**Data shown**
= = = =
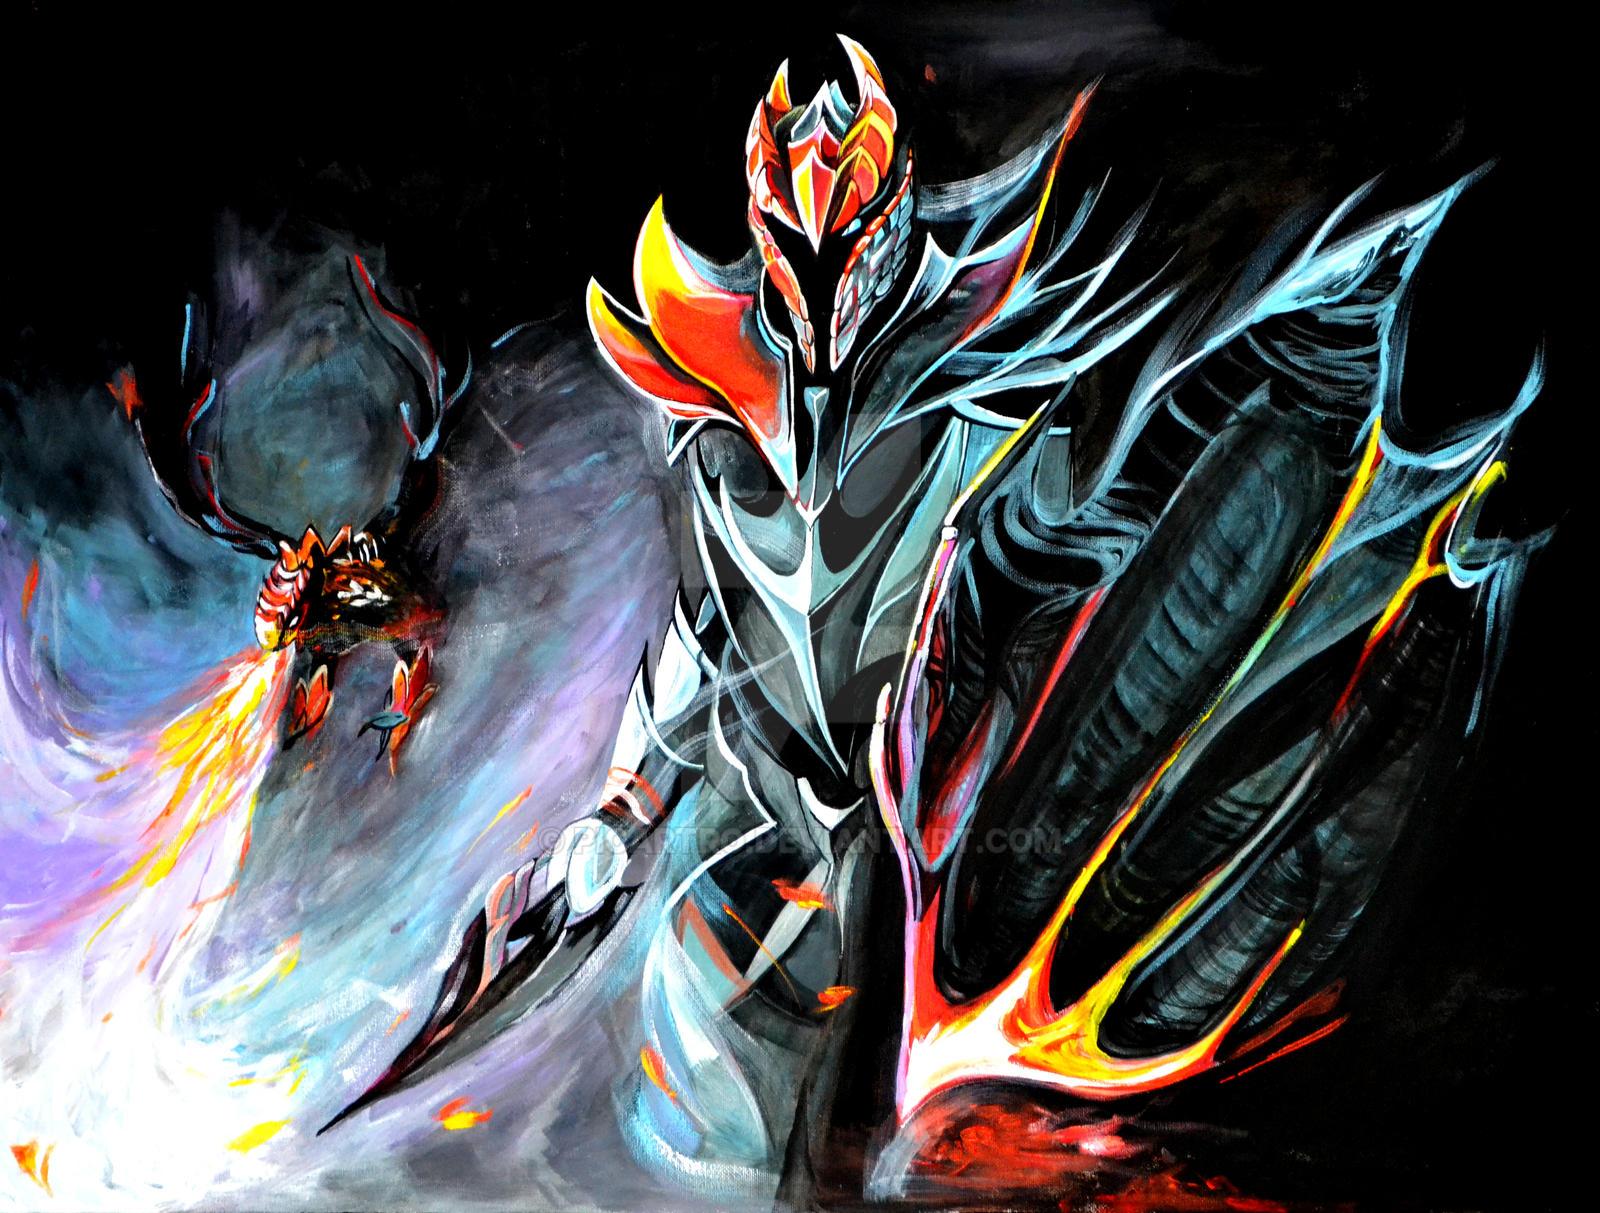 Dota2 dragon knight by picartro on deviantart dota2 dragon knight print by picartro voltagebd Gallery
= = = =
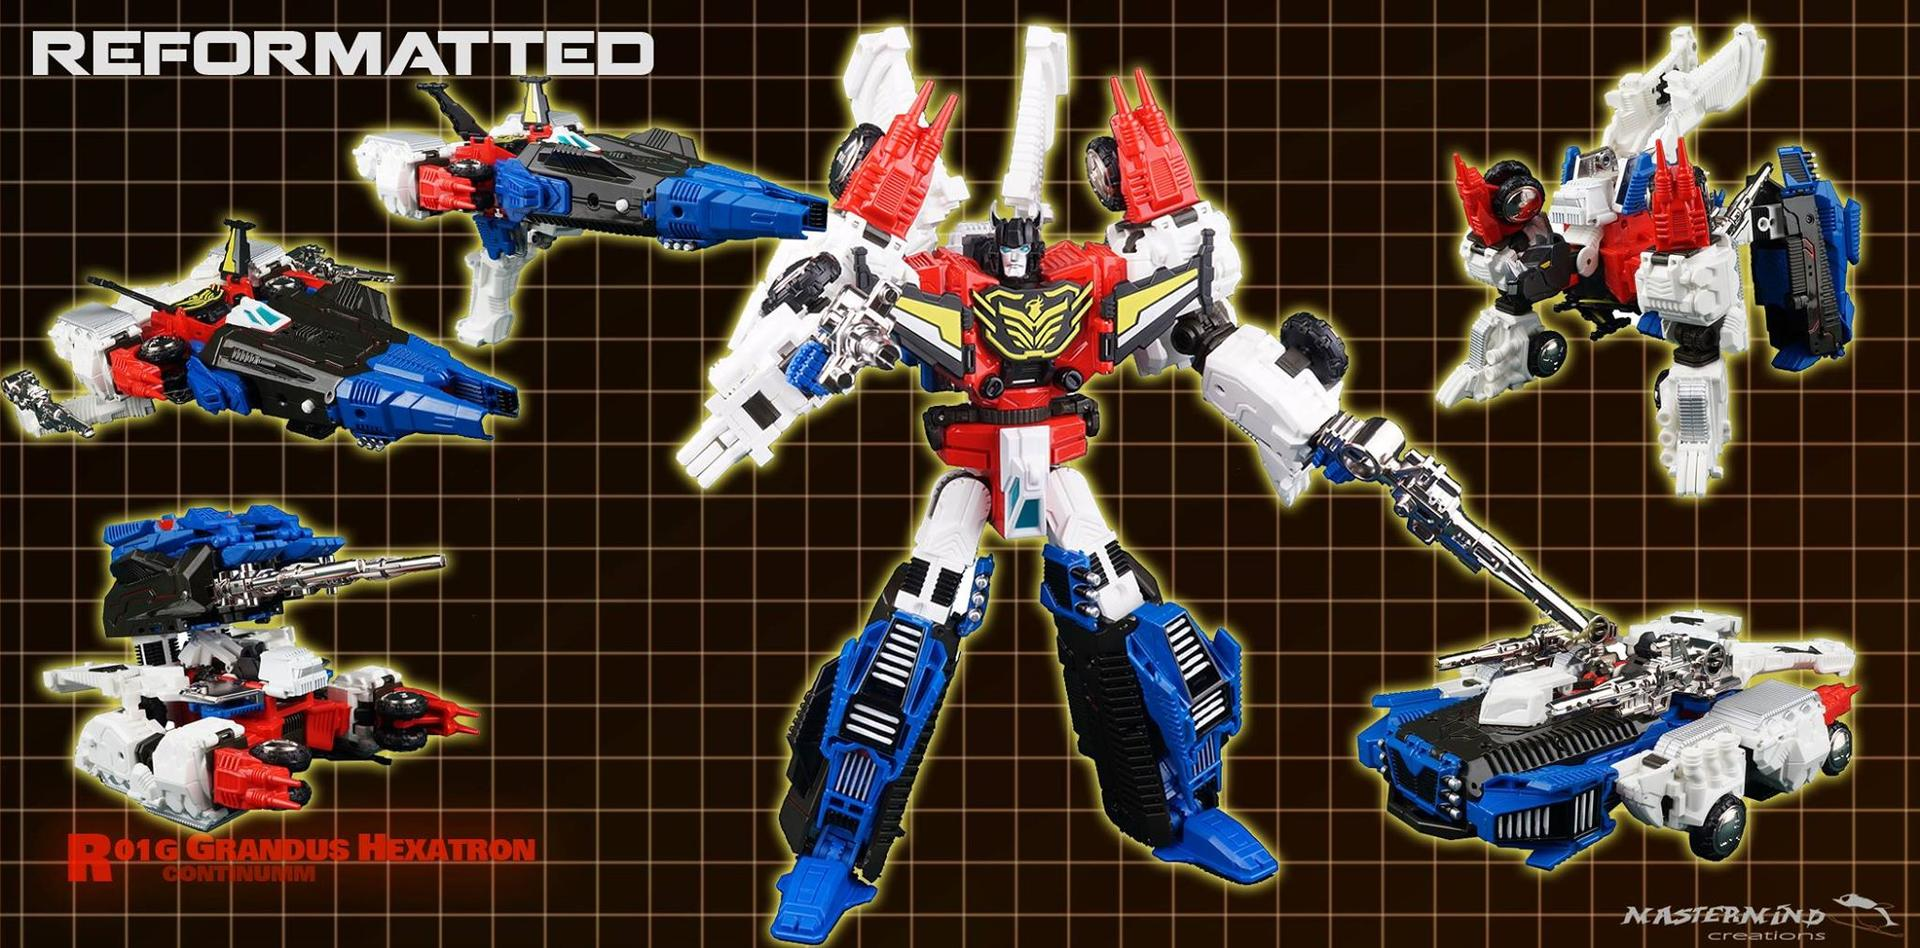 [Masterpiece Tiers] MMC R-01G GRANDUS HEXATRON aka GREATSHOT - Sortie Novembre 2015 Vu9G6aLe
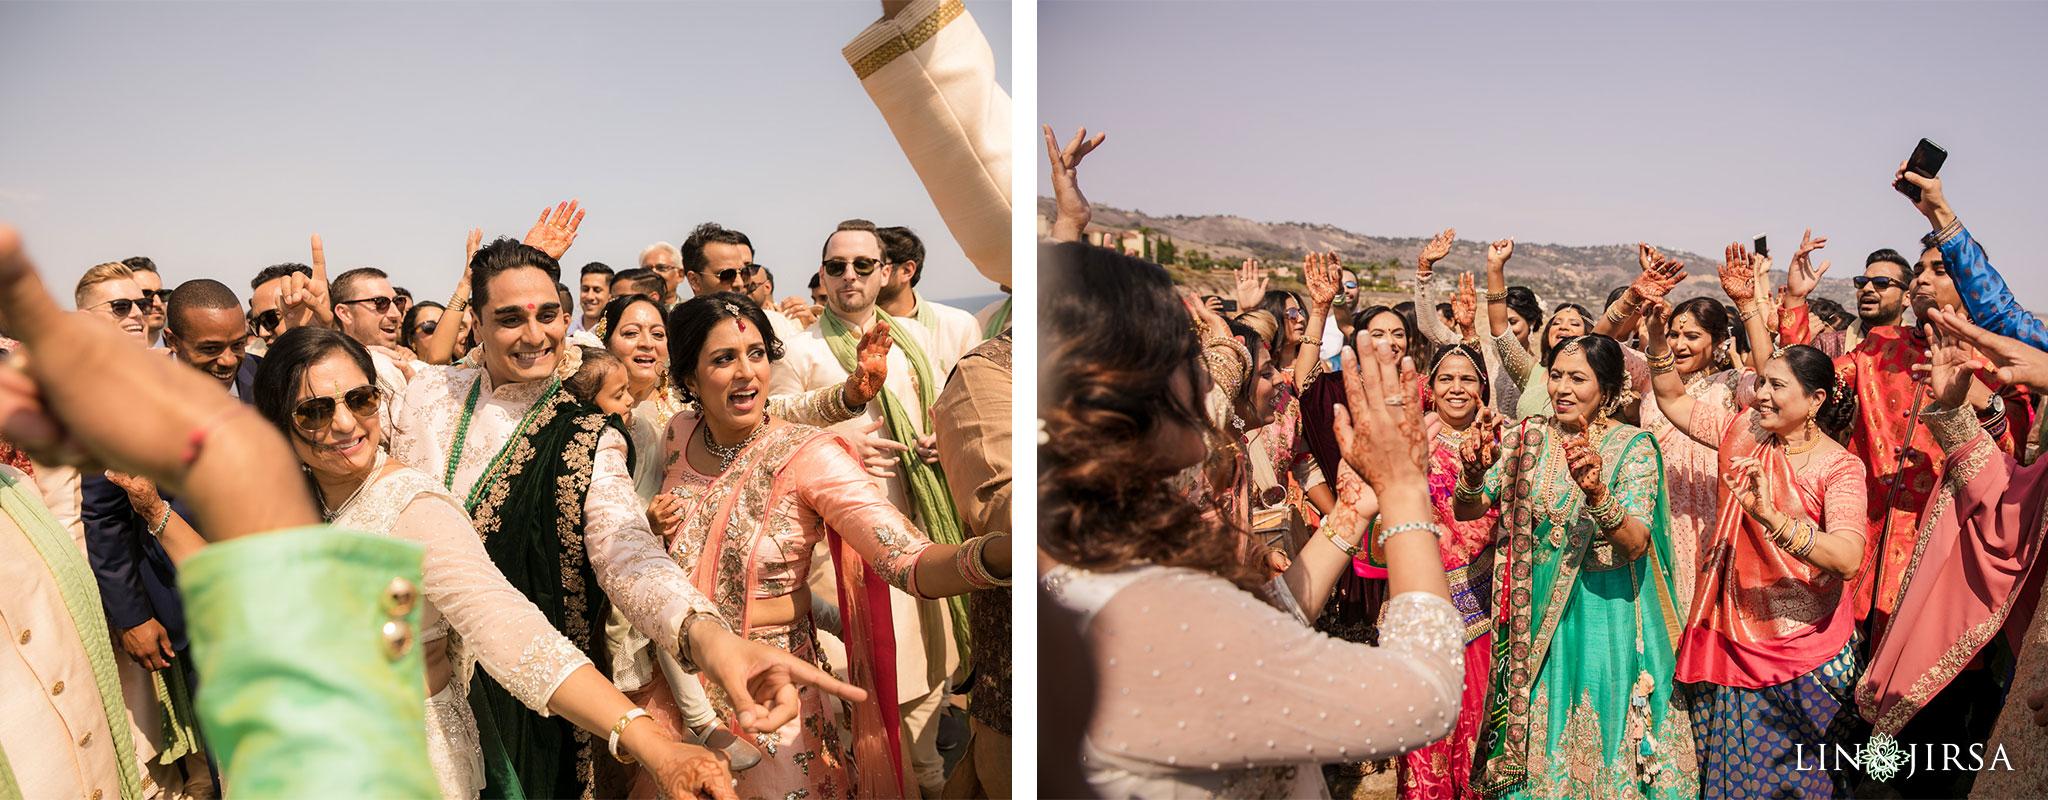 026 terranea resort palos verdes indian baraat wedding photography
= = = =
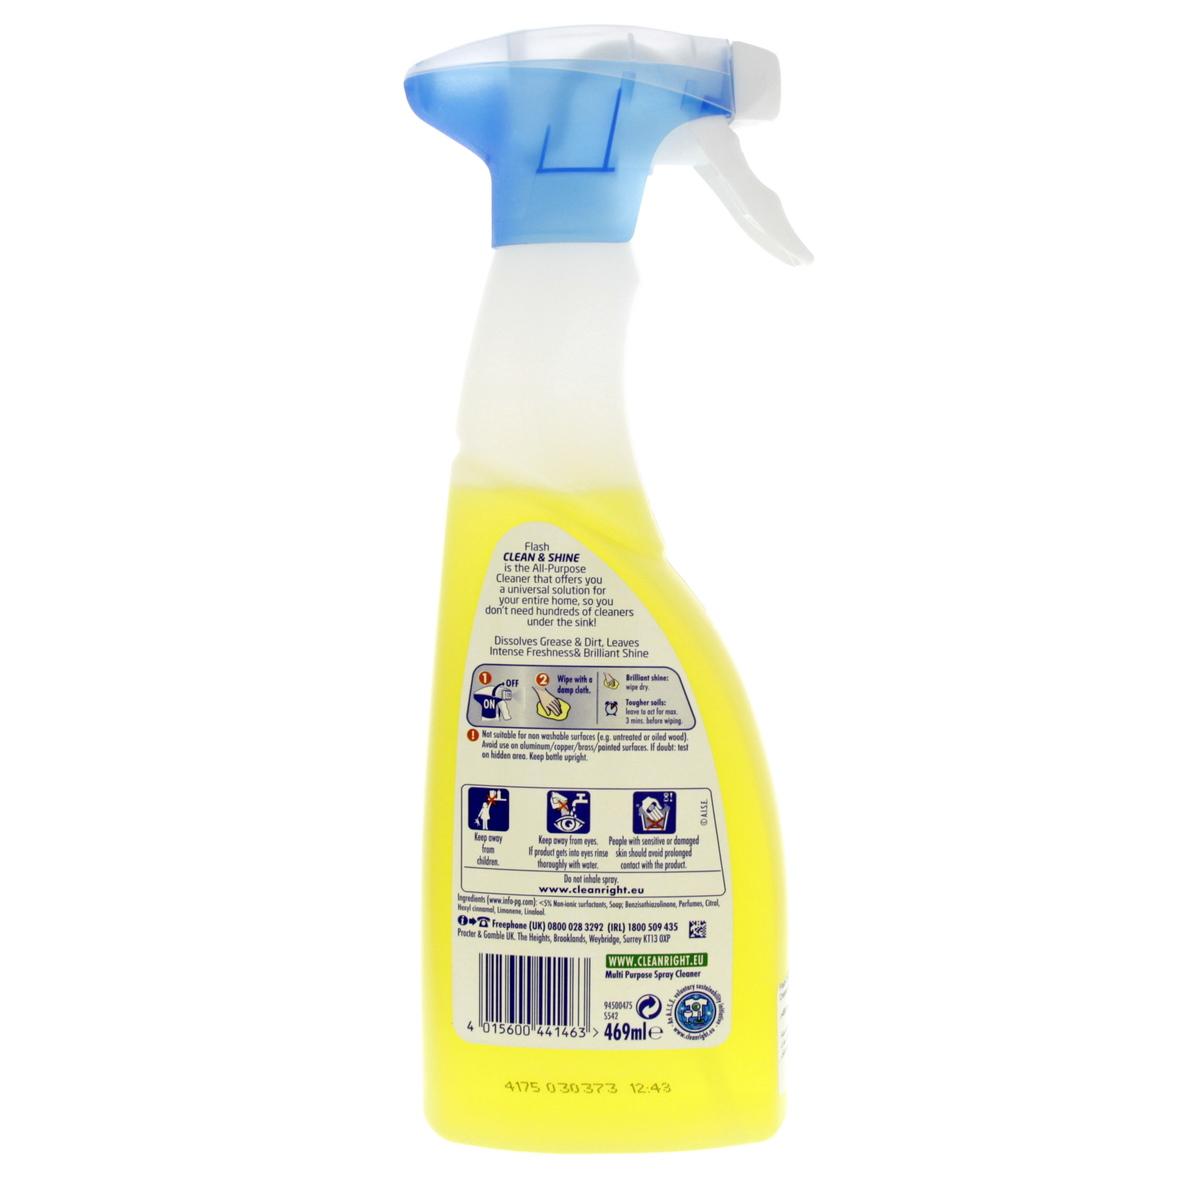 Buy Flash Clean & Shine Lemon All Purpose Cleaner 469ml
= = = =
**Goal of the exercise**
The answer must be the lines above from the one containing "[Masterpiece Tiers] MMC" through the one containing "026 terranea resort", reproduced exactly, with no pictures and nothing else.

**Exercise response**
 [Masterpiece Tiers] MMC R-01G GRANDUS HEXATRON aka GREATSHOT - Sortie Novembre 2015 Vu9G6aLe
 026 terranea resort palos verdes indian baraat wedding photography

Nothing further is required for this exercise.